**AVAILABLE DATA**.
☆ ☆ ☆ ☆ ☆ ☆ ☆
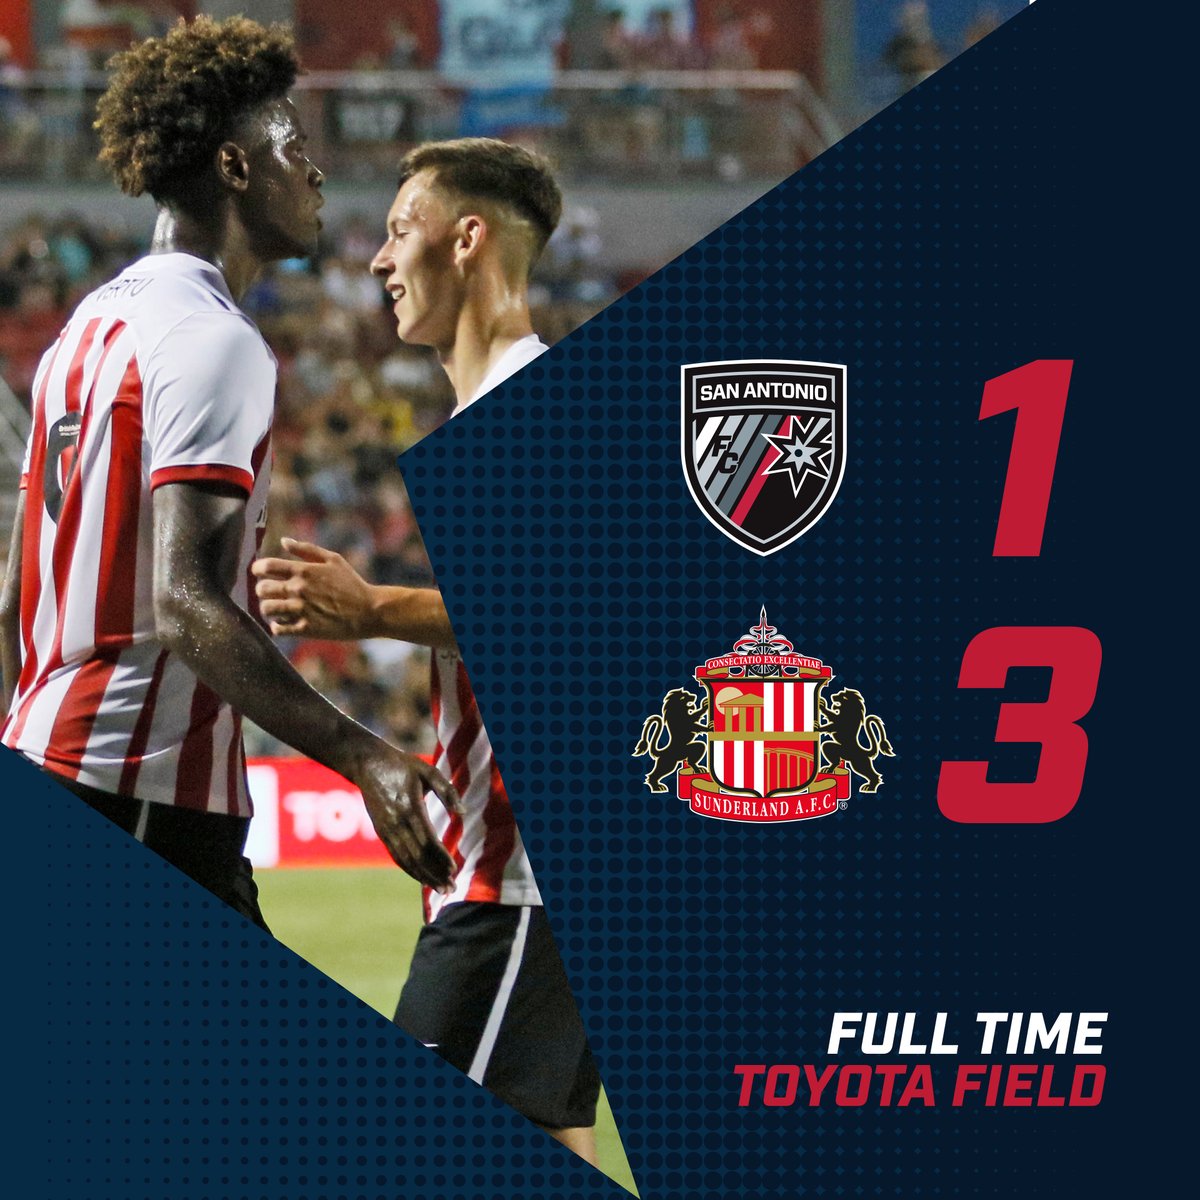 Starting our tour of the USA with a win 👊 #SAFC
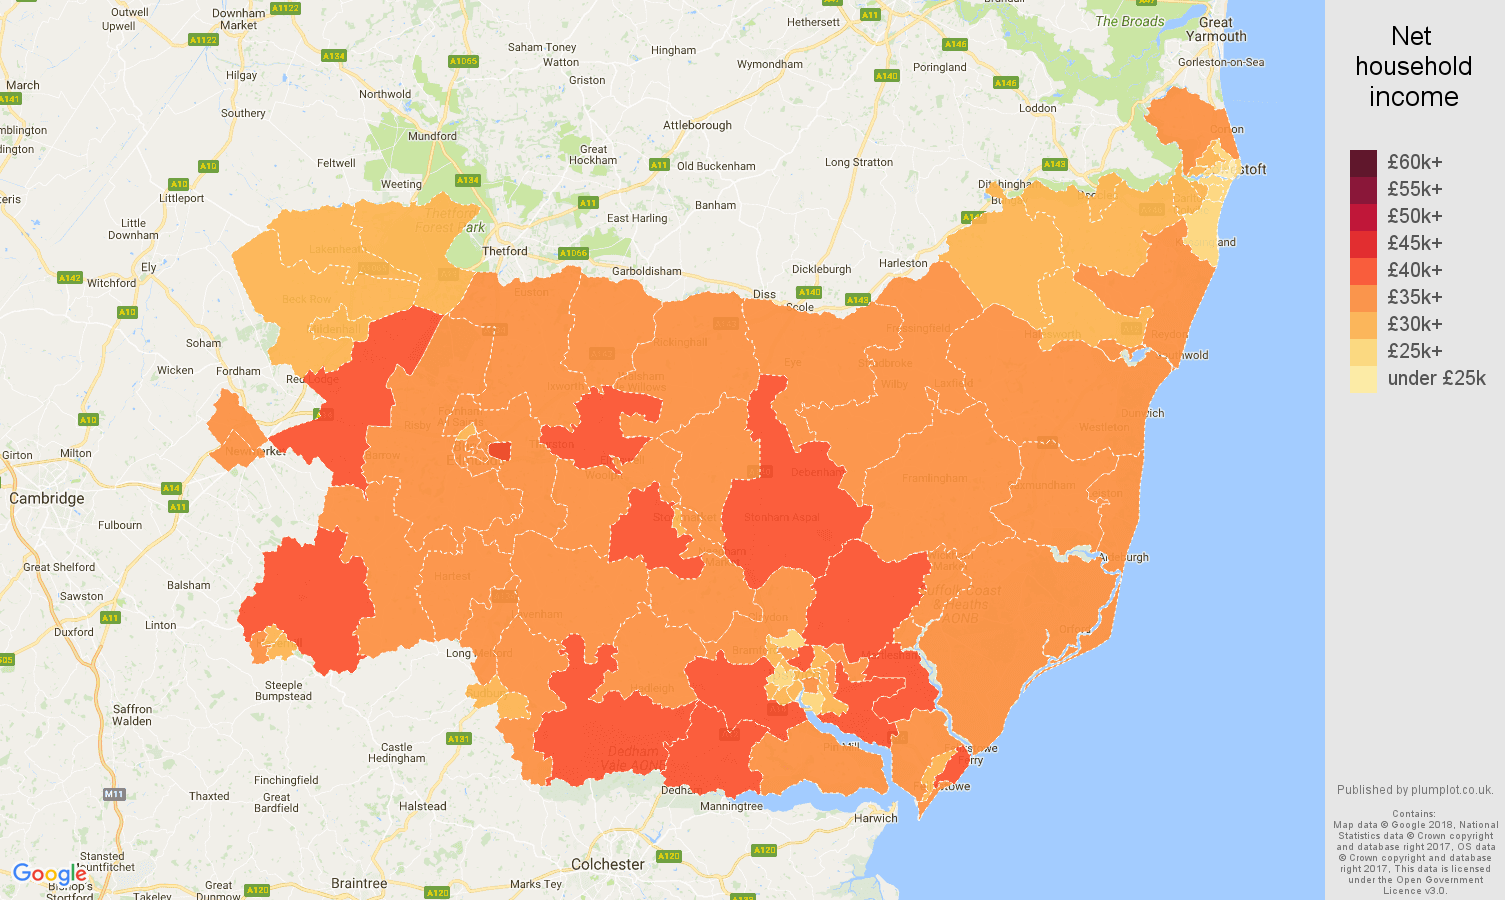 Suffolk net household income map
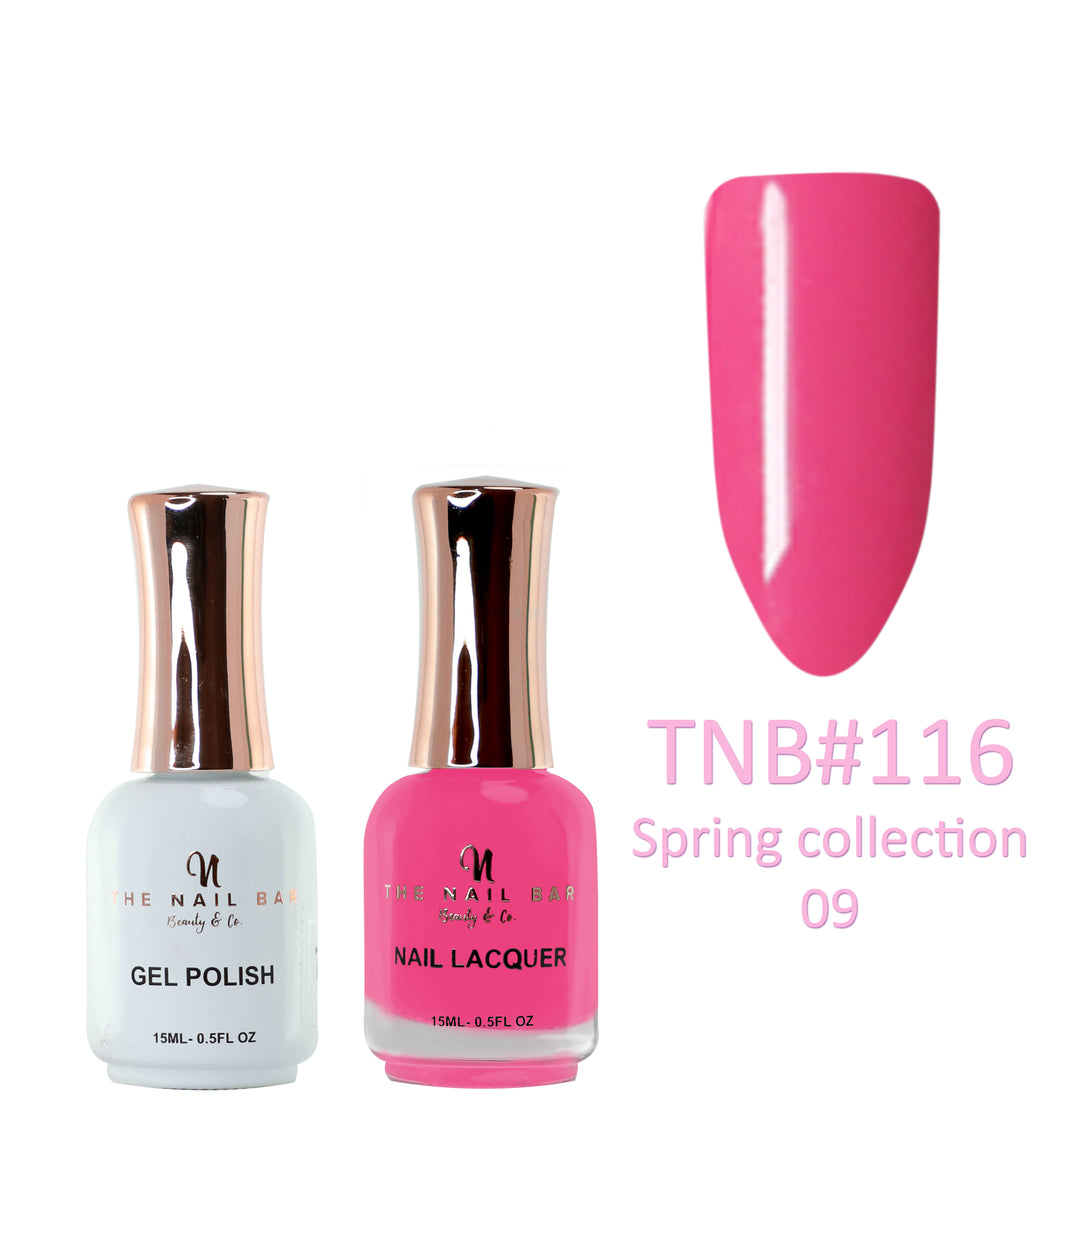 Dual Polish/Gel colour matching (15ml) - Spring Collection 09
☆ ☆ ☆ ☆ ☆ ☆ ☆
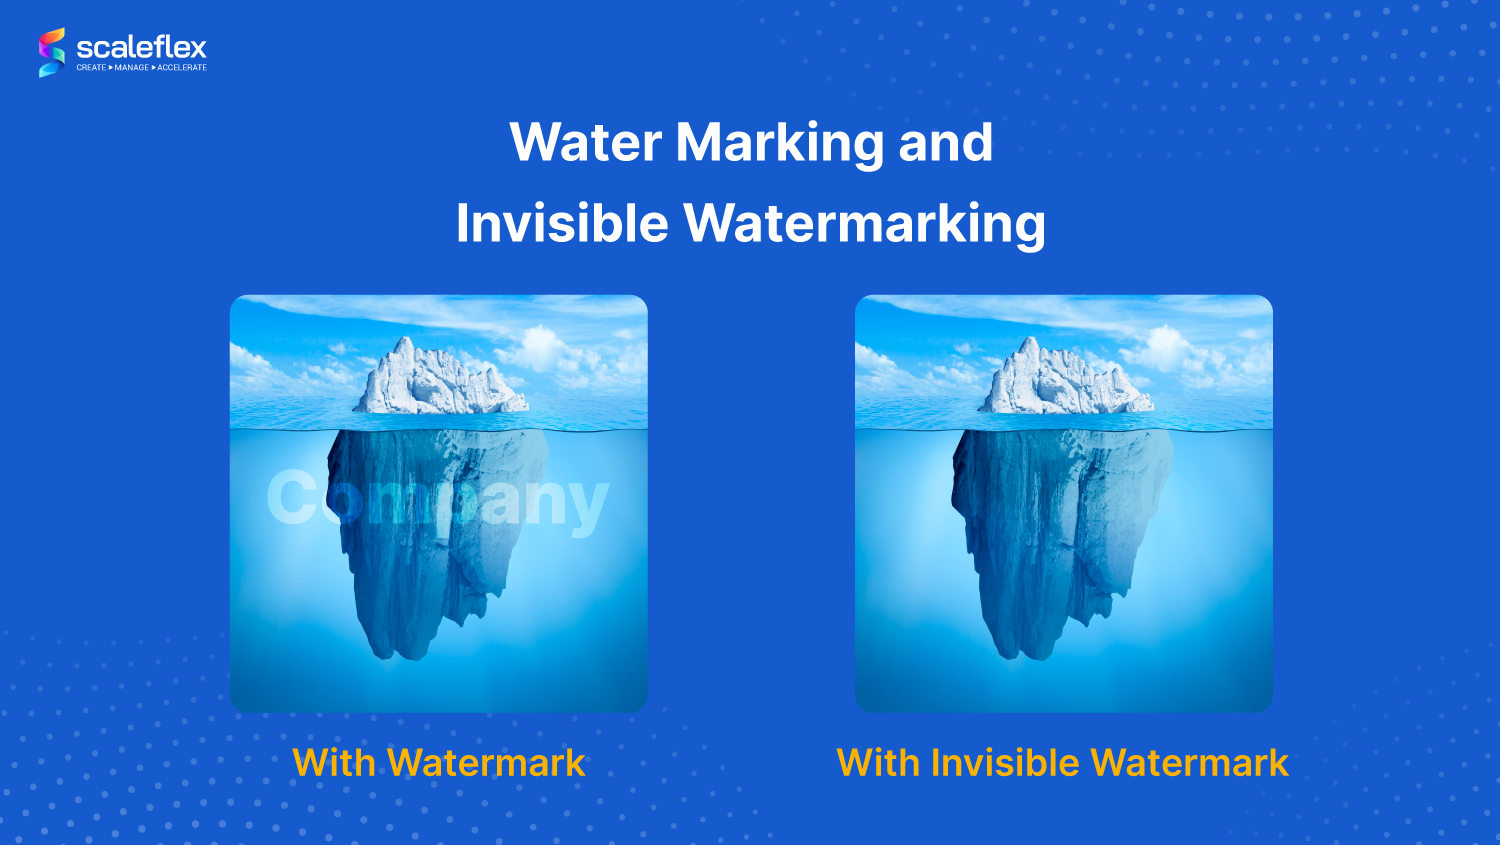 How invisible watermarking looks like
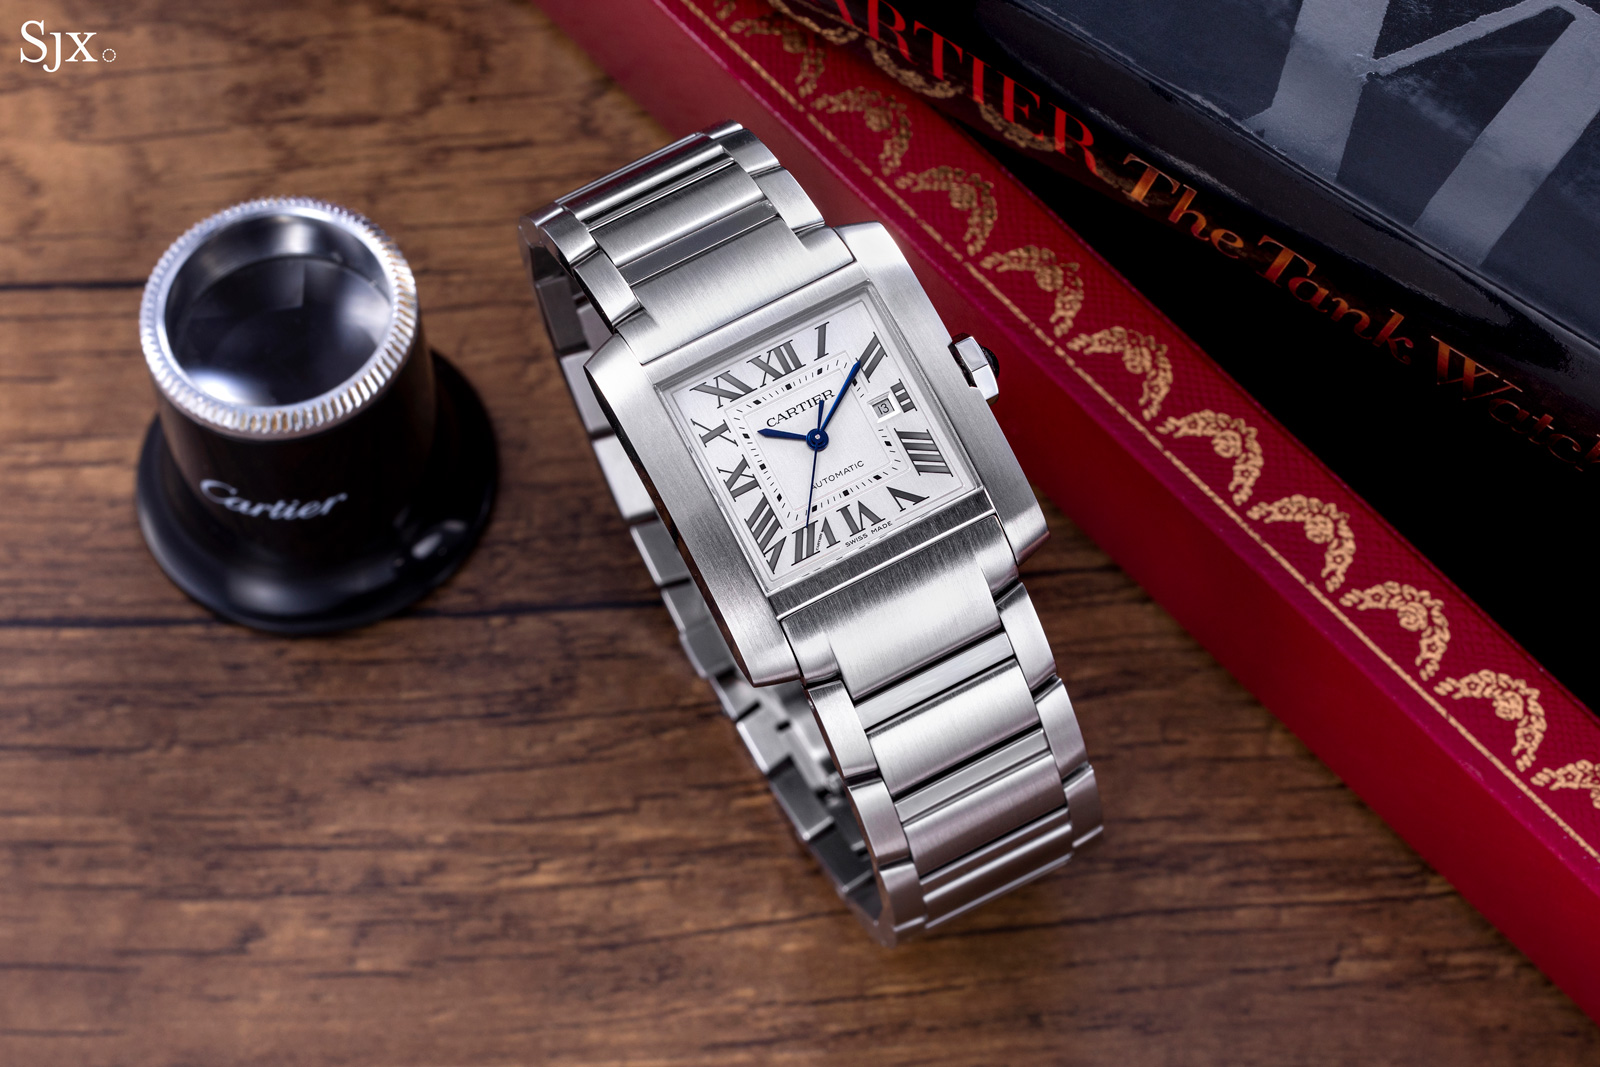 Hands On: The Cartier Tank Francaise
☆ ☆ ☆ ☆ ☆ ☆ ☆
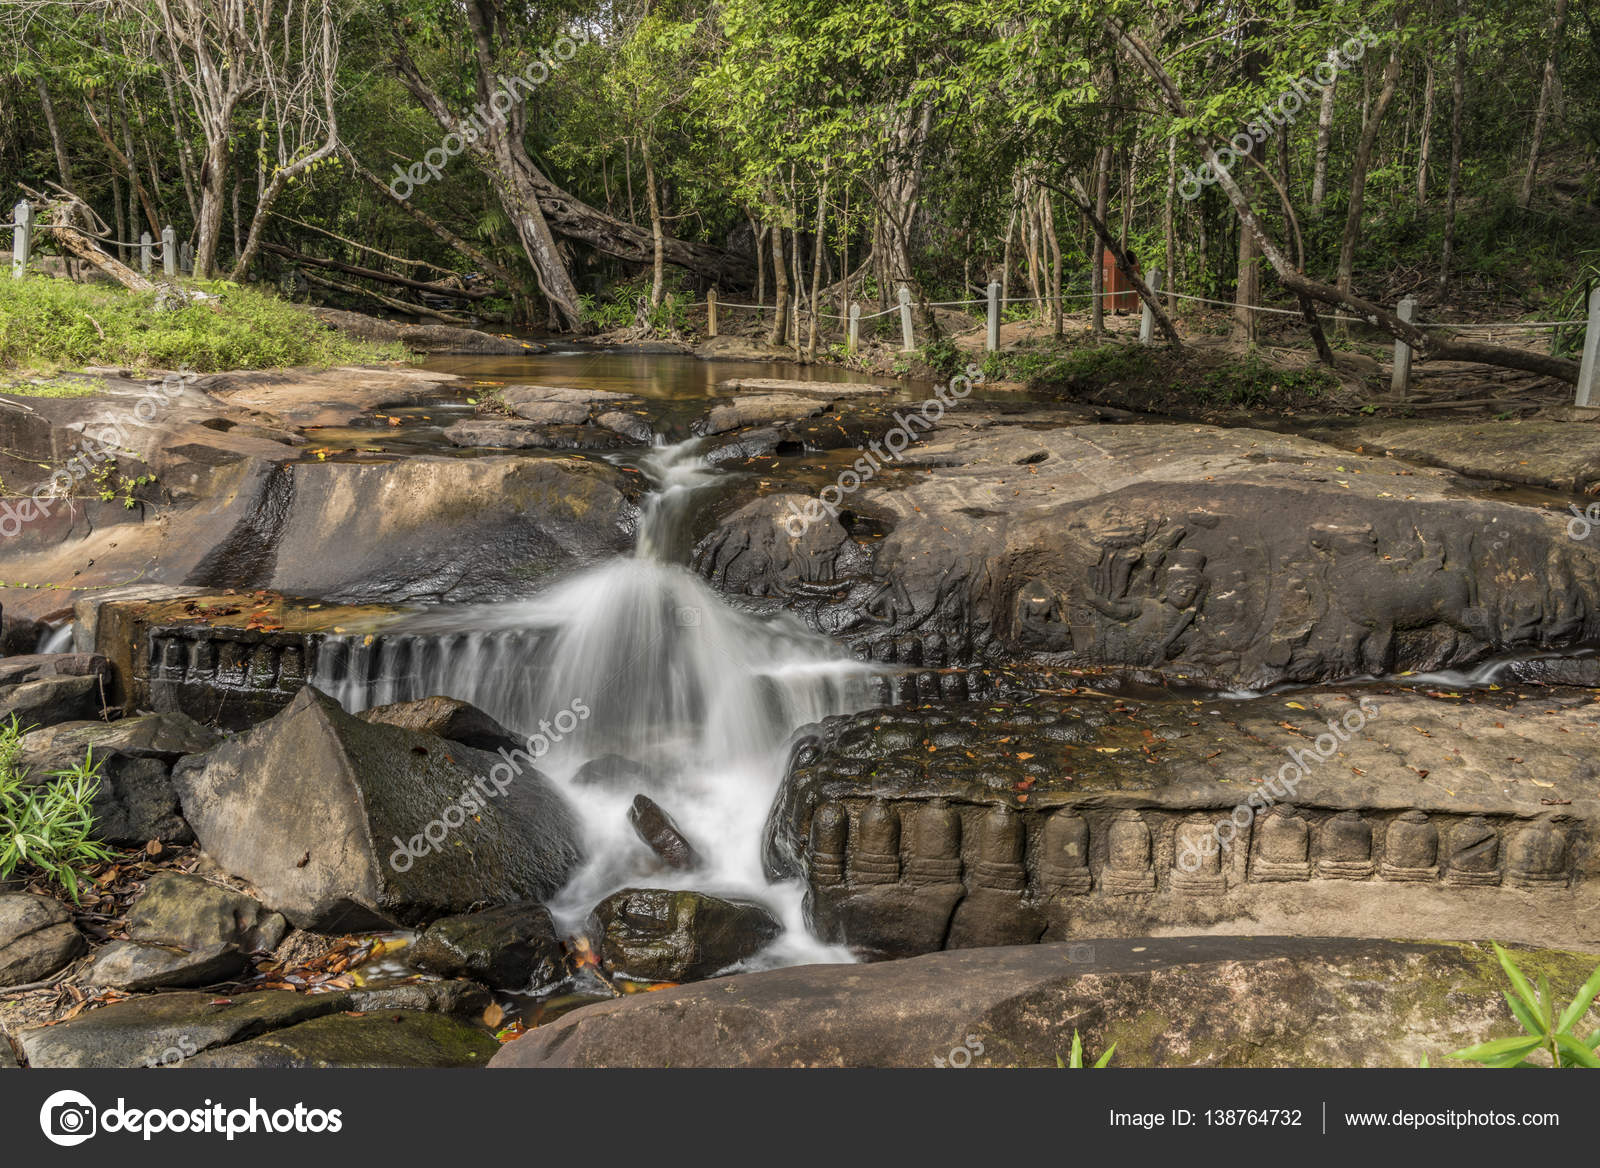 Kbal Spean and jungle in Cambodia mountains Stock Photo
☆ ☆ ☆ ☆ ☆ ☆ ☆
**DIRECTIONS**. Look above for the line with "Starting our tour" and the line with "Dual Polish/Gel colour", then copy them and all lines in between exactly as written, and only those, without any pictures.

**EXERCISE OUTPUT**.
 Starting our tour of the USA with a win 👊 #SAFC
 Suffolk net household income map
 Dual Polish/Gel colour matching (15ml) - Spring Collection 09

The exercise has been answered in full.